This repository contains the python code used for the paper
Swart, N.C., J.C. Fyfe, N. Gillet and G.J. Marshall (2015), Comparing changes in the Southern Annular Mode and surface westerly jet, J. Climate.
This code will perform all the processing, analysis, and plotting to produce the final figures appearing in the paper.
The project is organized in directories as follows:
-
data_retrieval
contains scripts for downloading the original (mostly netCDF) data. Thedata
directory is the location where all raw and processed data is stored. -
data_processing
contains scripts for performing basic preprocessing of the data, and some analysis to produce derivative datasets (mostly stored in HDF5). -
analysis_and_plotting
contains the scripts that produce the 14 figures in the paper. -
plots
contains the output plots in PDF format. -
paper
contains the LaTeX source for the final paper.
The first three directories each contain their own README with further information.
They also contain a script (e.g. run_plotting.py
), that will automatically
execute all the relevant code. All modules have docstrings that explain their basic
function.
To reproduce the figures you need to:
- Download the raw input data (
run_retrieval.py
) - Complete all processing steps (
run_processing.py
) - Complete all plotting steps (
run_plotting.py
)
Over 30GB of raw input data are required for the project. All the data is public and freely available online. However, the data downloading step is the most complicated and the most likely to be problematic. I cannot ensure that the data download scripts will work given the dynamic nature of the online data repositories, and the authentication credentials some of the sites require. Users can also download the data manually (referring to the comprehensive list provided here), or may request the input data from the authors.
The run.py
script will
automatically execute everything in steps 2 and 3, as long as all the
required input data is provided and the
environment is setup correctly (see below).
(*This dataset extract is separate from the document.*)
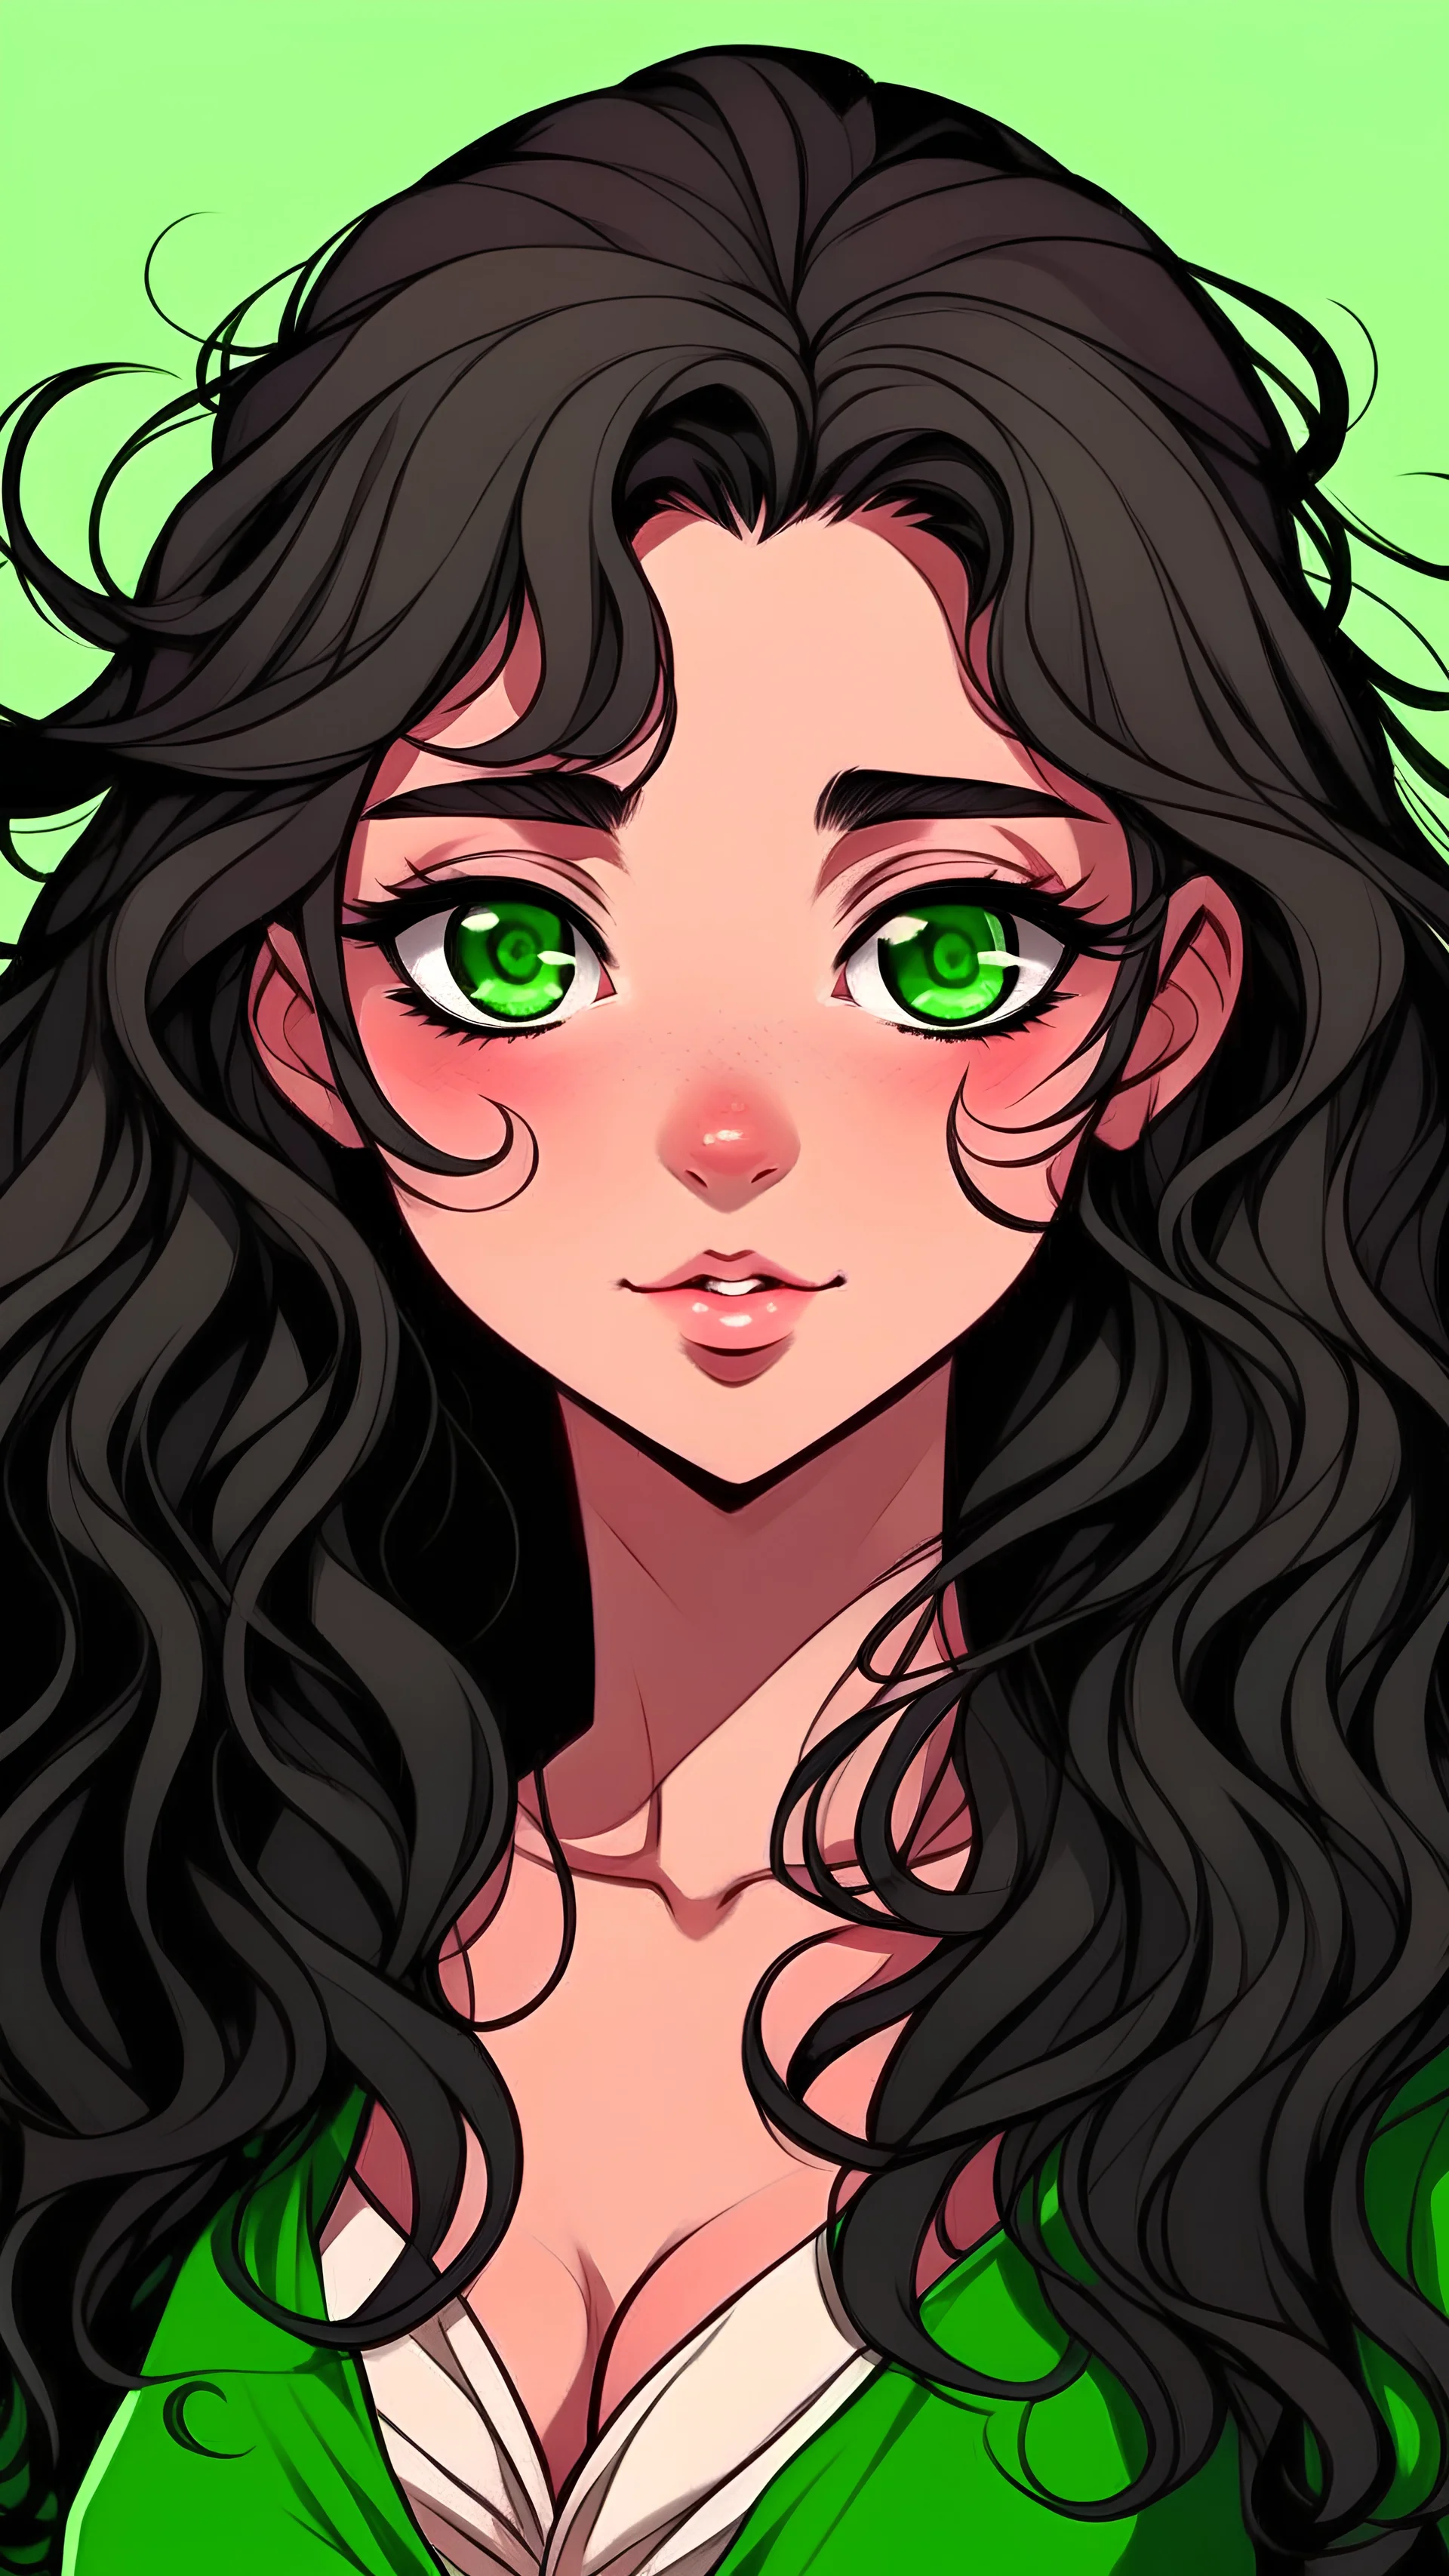 anime girl with dark skin that has long curly black hair and green eyes

I wrote and tested the code using the Anaconda python distribution on Linux machines running Ubuntu 14.04.2 LTS. The specific Anaconda distribution used was:
Python 2.7.9 |Anaconda 2.2.0 (64-bit)| (default, Mar 9 2015, 16:20:48)
Additional software requirements include climate data
operators cdo and their python bindings, my
cmipdata
python package
(tested with commit 07d17b2f4a), and some downloading utilities.
To create a suitable virtual env in anaconda I did:
conda create -n sam-jet-env python=2.7.9 pandas=0.15.2 numpy=1.9.2 \
netcdf4=1.1.6 ipython=3.0.0 h5py=2.4.0 pip scipy=0.15.1 matplotlib=1.4.3 \
basemap=1.0.7 statsmodels=0.6.1 pytables=3.1.1 h5py=2.4.0 netCDF4
pip install cdo==1.2.5
pip install git+https://github.com/swartn/cmipdata.git
pip install https://software.ecmwf.int/wiki/download/attachments/47287906/\
ecmwf-api-client-python.tgz
pip install esgf-pyclient==0.1.2
To give an overall idea, most of the basic data processing (like regridding to a common grid, zonal means, subsamping, computing trend maps etc) are done with cdo. Some analysis, like computing trends from timeseries, and computing the jet properties, are done in python (using numpy, scipy, statsmodels and pandas). All plotting is done with matplotlib. Note that this bugfix must be applied to matplotlib.
This sam-vs-jet-paper
software is Copyright (C) 2015 Neil Swart. It is
licensed under the GNU General Public License
version 2 -see below and the LICENSE file.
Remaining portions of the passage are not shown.